Jimmy Miller

Building Meander in Meander

Meander has been (in my personal opinion) a wonderful success. With meander.epsilon, we can express most of the data transformations we are interested in. There are of course a few rough edges, a few things we'd change. But as more people have begun to use meander and more people present problems they are tackling with meander, it becomes clear that this approach is working. And yet, there is something that isn't working quite the way we'd like; the implementation of the meander compiler itself.

This isn't meant as a diss on the code. Ultimately the organization of the code is actually really nice. There are clear, defined boundaries, there is a clear separation of functionality, the code itself isn't a mess by any standard. Nor is this a diss on the quality of code generated by the meander compiler. There are certainly areas that we could improve, but in general, meander produces code that is fast and small. In all the meander matches we've written, we have never once encountered the "method code too large" error that has plagued complex pattern matches when using libraries like core.match.

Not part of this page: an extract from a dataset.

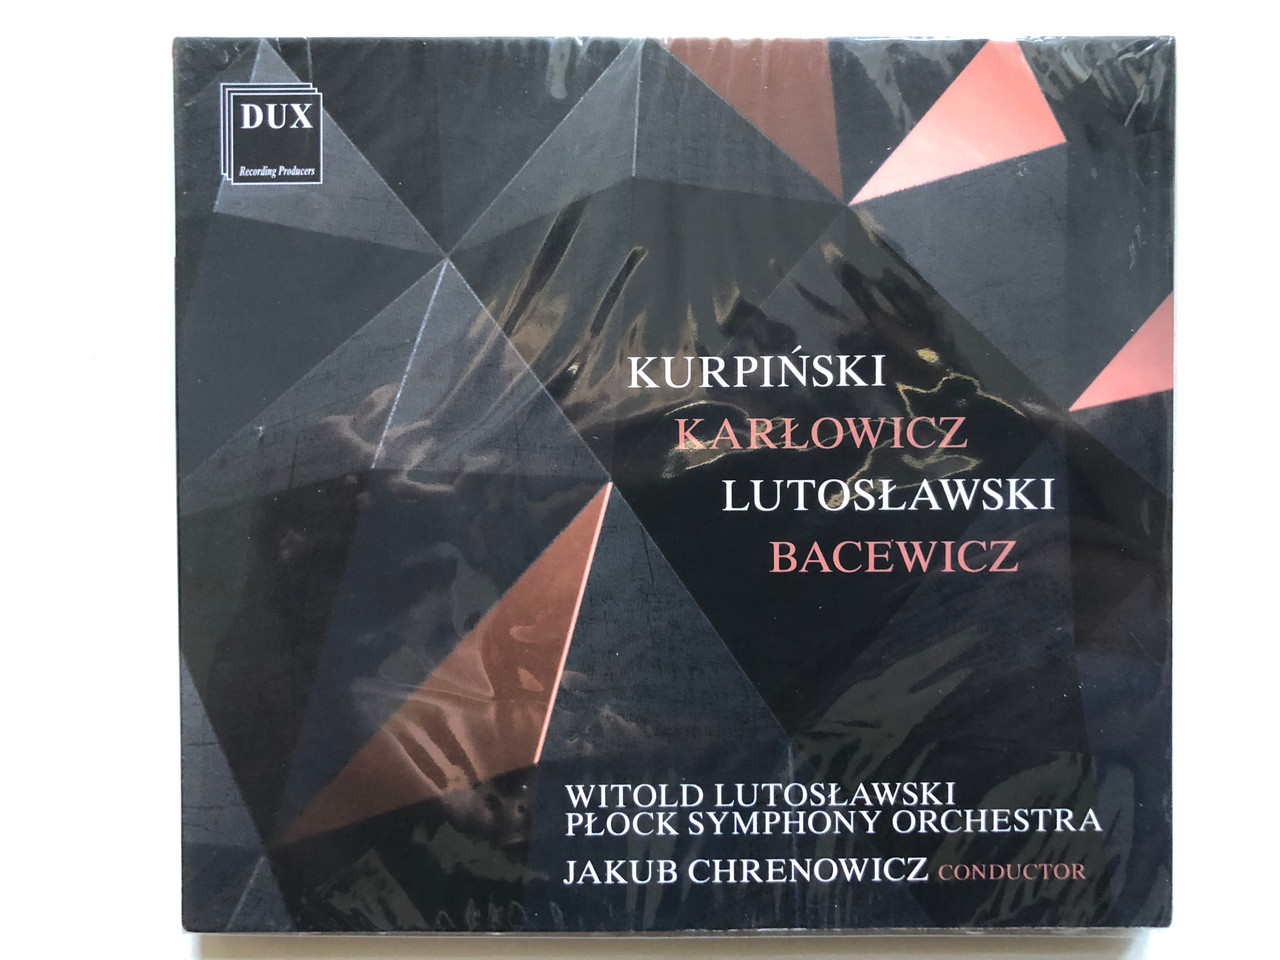 https://cdn10.bigcommerce.com/s-62bdpkt7pb/products/0/images/255020/Kurpinski_Karlowicz_Lutoslawski_Bacewicz_Witold_Lutoslawski_Plock_Symphony_Orchestra_Jakub_Chrenowicz_conductor_DUX_Recording_Audio_CD_2021_DUX_1625_1__01854.1664443326.1280.1280.JPG?c=2&_gl=1*43h15r*_ga*MjA2NTIxMjE2MC4xNTkwNTEyNTMy*_ga_WS2VZYPC6G*MTY2NDQzNTUwNy41NzMuMS4xNjY0NDQzMDgyLjU3LjAuMA..

But there is still something not right with the meander.epsilon compiler. As you dive into the code base and try to make modifications, it becomes hard to trace the way data is being transformed. The code is littered with if statements needed to inspect the structure of the data we are getting. Then, we have to pull out all the bits and parts we care about. What data is and isn't available at a given point is far from clear. But perhaps even more importantly, the shape of our data is lost. The meander.epsilon compiler is just converting between data structures, we read matches in as data, parse them as an ast, build a matrix-based IR, build a more direct IR, do optimizations, and deduplication, and then generate clojure code (also data). But looking at our compiler all of this is completely opaque, despite our best efforts.

meander.zeta

In meander.zeta we are taking a different approach. All the details haven't been worked out yet, but in this article, I want to share the general approach so that others can understand what we are looking to accomplish. To do that, we are going to build our own mini-meander compiler using meander.epsilon. Our compiler will not be efficient or support many matches. But it will give you a taste of what meander can do, as well as give a taste of how we are using meander to implement itself.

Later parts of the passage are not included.